### DATA FOR THIS EXERCISE
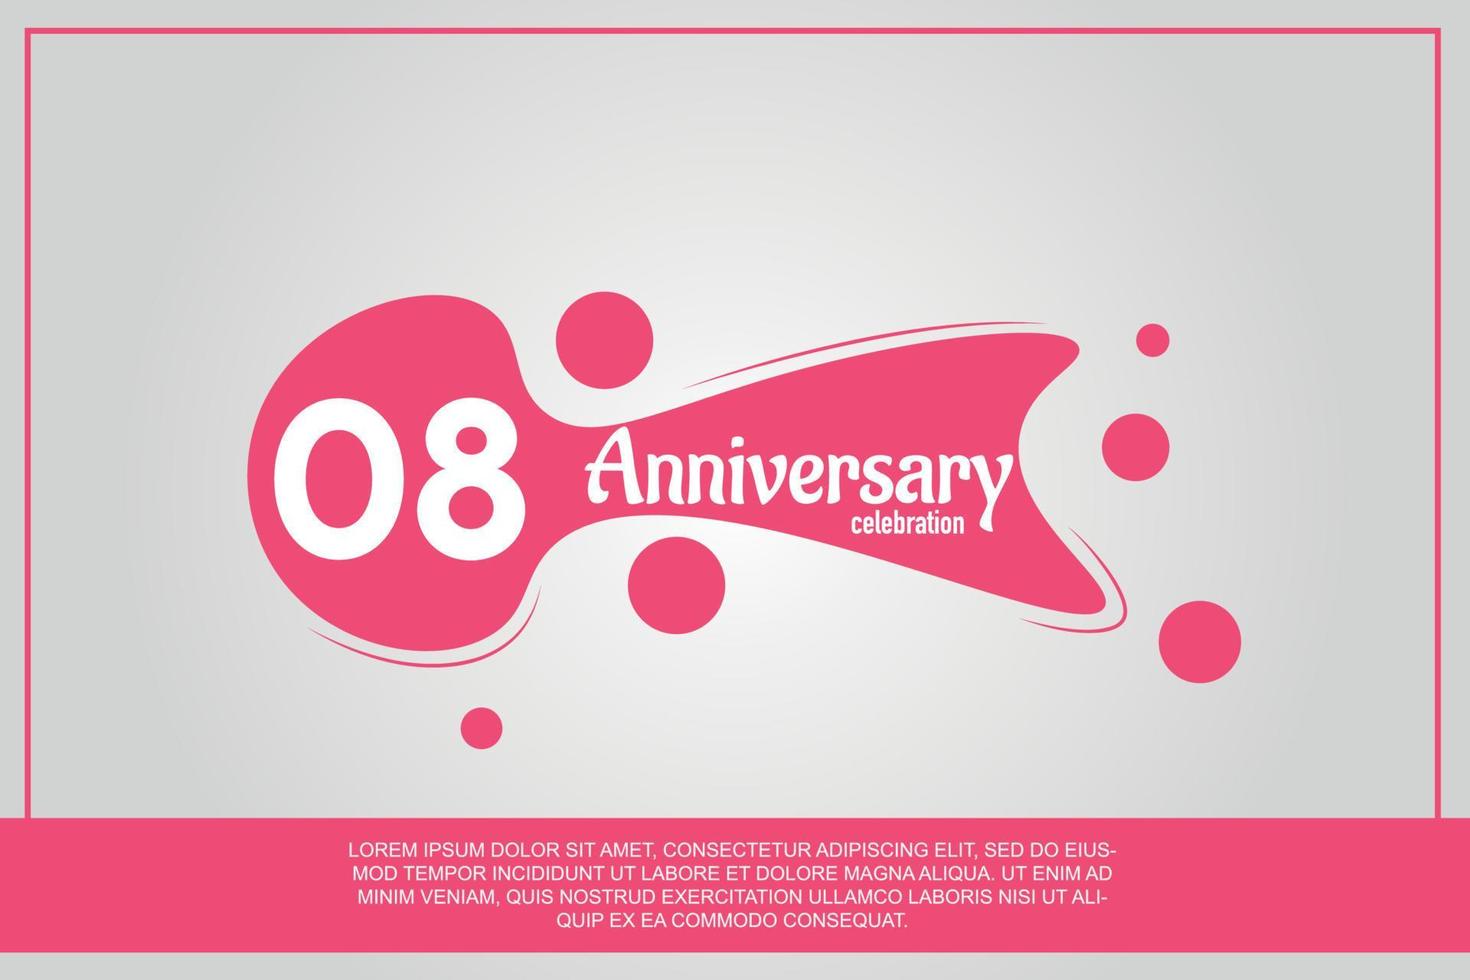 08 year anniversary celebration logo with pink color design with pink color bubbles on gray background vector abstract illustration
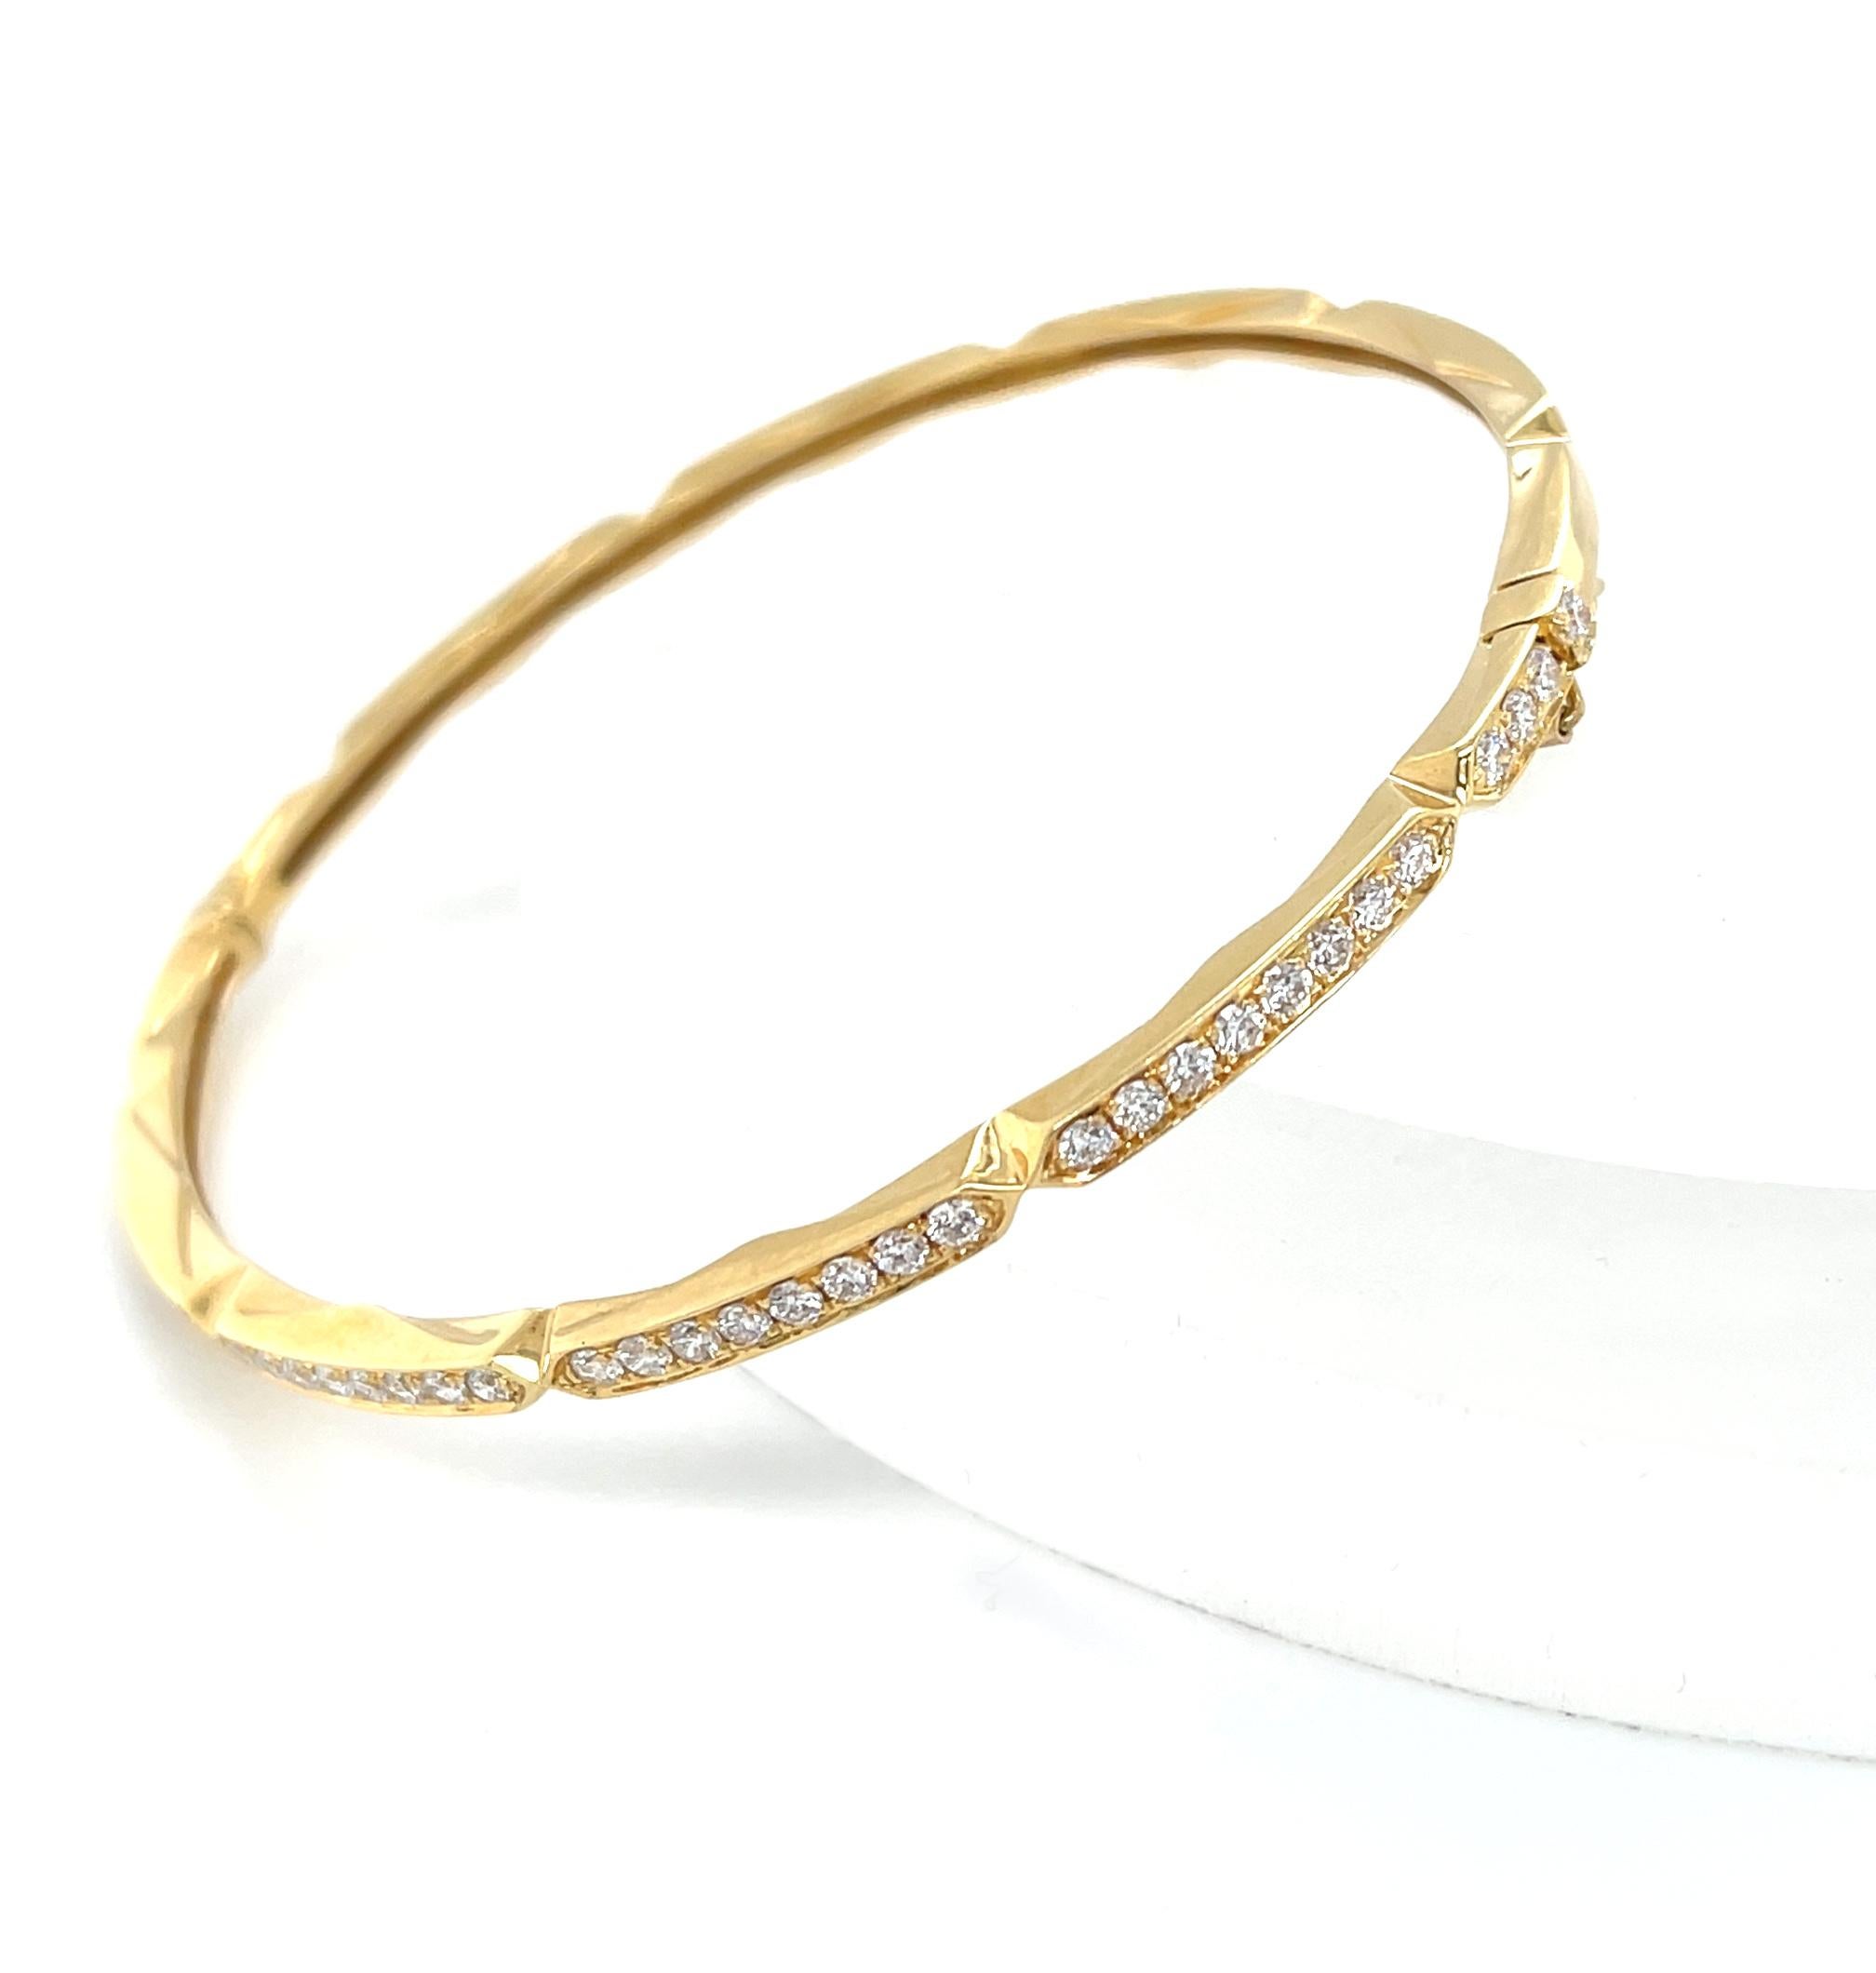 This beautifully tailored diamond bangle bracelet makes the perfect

--

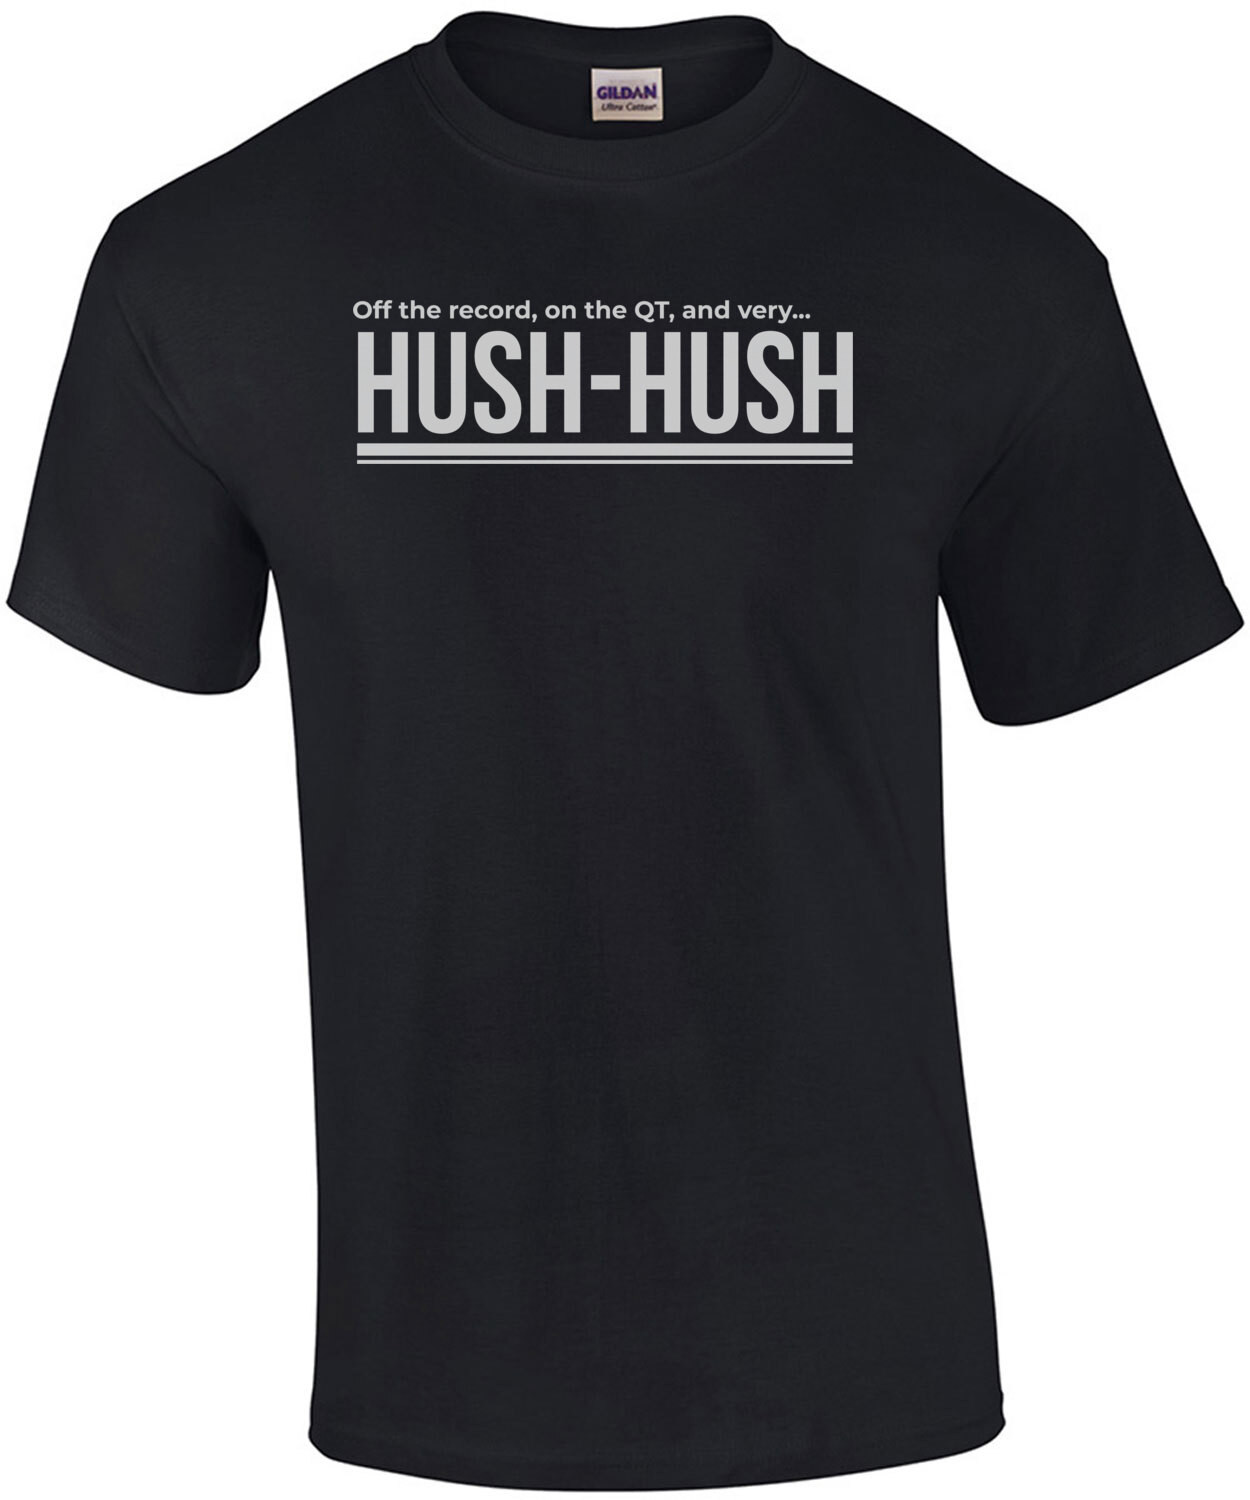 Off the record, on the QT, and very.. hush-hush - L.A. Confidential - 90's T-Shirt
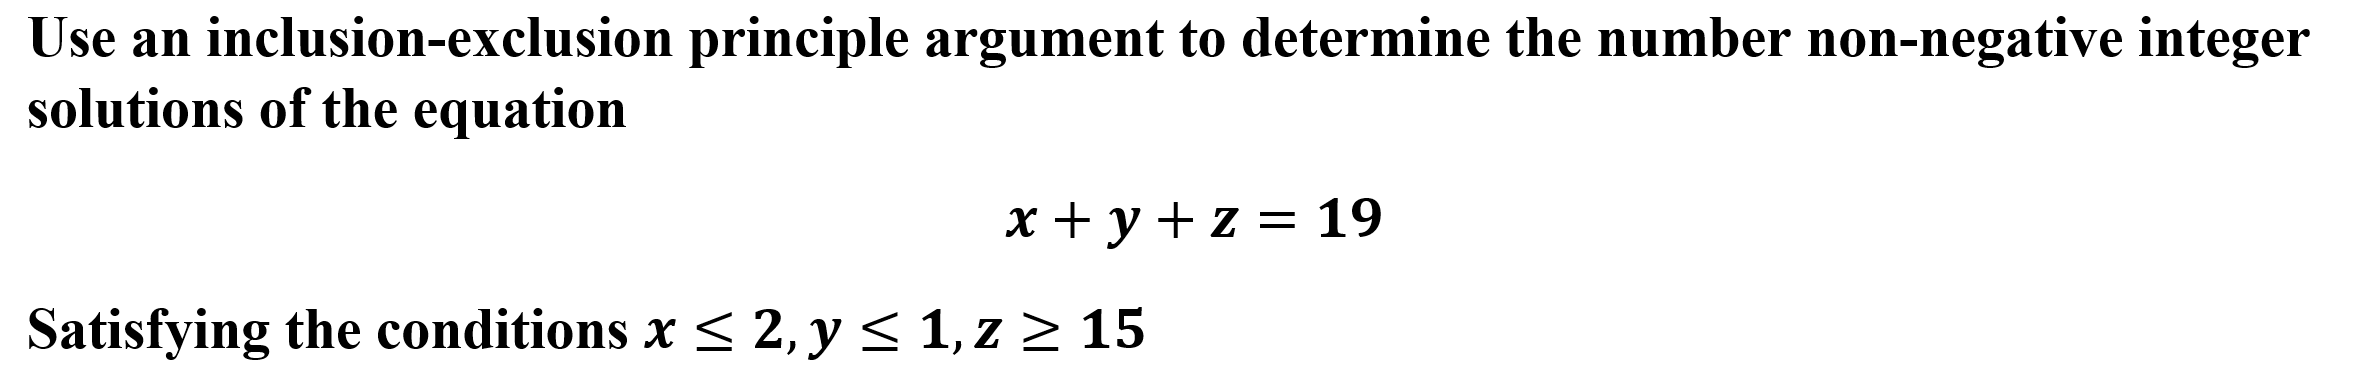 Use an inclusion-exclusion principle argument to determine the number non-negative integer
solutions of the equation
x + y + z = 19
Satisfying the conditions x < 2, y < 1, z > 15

### WORK TASK
Above are some entries; copy exactly the lines from the line with "08 year anniversary" through the line with "This beautifully tailored", both included, but none of the pictures.

### FINISHED EXERCISE
 08 year anniversary celebration logo with pink color design with pink color bubbles on gray background vector abstract illustration
 This beautifully tailored diamond bangle bracelet makes the perfect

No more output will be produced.